For liver stage immunofluorescence analysis; livers were perfused with 1x PBS and fixed in 4% PFA PBS overnight before being exchanged for sucrose and snap frozen in OCT (Invitrogen). Sections of 8 mm were cut on the cryostat apparatus HMM550. Samples were permeabilised using ice cold 10% methanol 90% acetone and blocked using 3% BSA PBS. Sections were then incubated with primary antibodies; mouse anti-CSP (2A10; 1:1000), mouse anti-HSP70 (1:500), rabbit anti-PTEX150 (1:500), mouse anti-EXP2 (1:500), rabbit anti-ACP (1:500) diluted in 3% BSA PBS. Secondary antibodies were goat anti-rabbit Alexa 594 and anti-mouse Alexa 488 (1:1000; Invitrogen). All samples were then incubated with DAPI (4’,6’-diamidino-2-phenylindole) at 1 ug/ml in PBS to visualize DNA and mounted in Prolong Gold mounting media (Invitrogen). Images were acquired on the Zeiss LSM 980 microscope.

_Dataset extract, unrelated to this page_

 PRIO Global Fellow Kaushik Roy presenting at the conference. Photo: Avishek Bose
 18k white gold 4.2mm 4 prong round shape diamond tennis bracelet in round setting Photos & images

Z stacks of both NF54 and azithromycin resistant liver stages were acquired using the same settings to allow quantitative analysis between different samples. The number of nuclear centres were counted by eye based on DAPI signal at the centre of each Z stack. For analysis of parasite size; a region of interest was drawn around each parasite based on DAPI signal and then the membrane area was calculated using FIJI software.

Traversal assay

Cell traversal was measured using a cell wounding assay ⁸⁷. HC-04 hepatocytes (1×10⁵) were seeded onto the bottom of a 96-well plate using IMDM (Life Technologies, 11360-070). Sporozoites were added at an MOI of 0.3 and left to traverse hepatocytes for 2.5 hours in the presence of 1 mg ml-1 FITC-labelled dextran (10,000 MW, Sigma Aldrich). Cells were trypsinized to obtain a single cell suspension for FACS analysis. For each condition, triplicate samples of 10,000 cells were counted by flow cytometry in each of the three independent experiments.

Invasion assay

Assay was performed as previously described ⁸⁷. Briefly, HC-04 hepatocytes (1×10⁵) were seeded onto the bottom of a 96-well plate using IMDM (Life Technologies, 11360-070). Sporozoites were added at an MOI of 0.3 and left to invade hepatocytes for either 5 or 18 hours before being trypsinized to obtain a single cell suspension and transferred to a 96 well round bottom plate. Cells were fixed and permeabilised (BD bioscience) and stained with Alexa fluor 647 conjugated mouse anti-CSP antibody in 3% BSA permeabilizing solution. Cells were then washed in PBS and analysed by Flow cytometry. For each condition, triplicate samples of 10,000 cells were counted in each of the three independent experiments.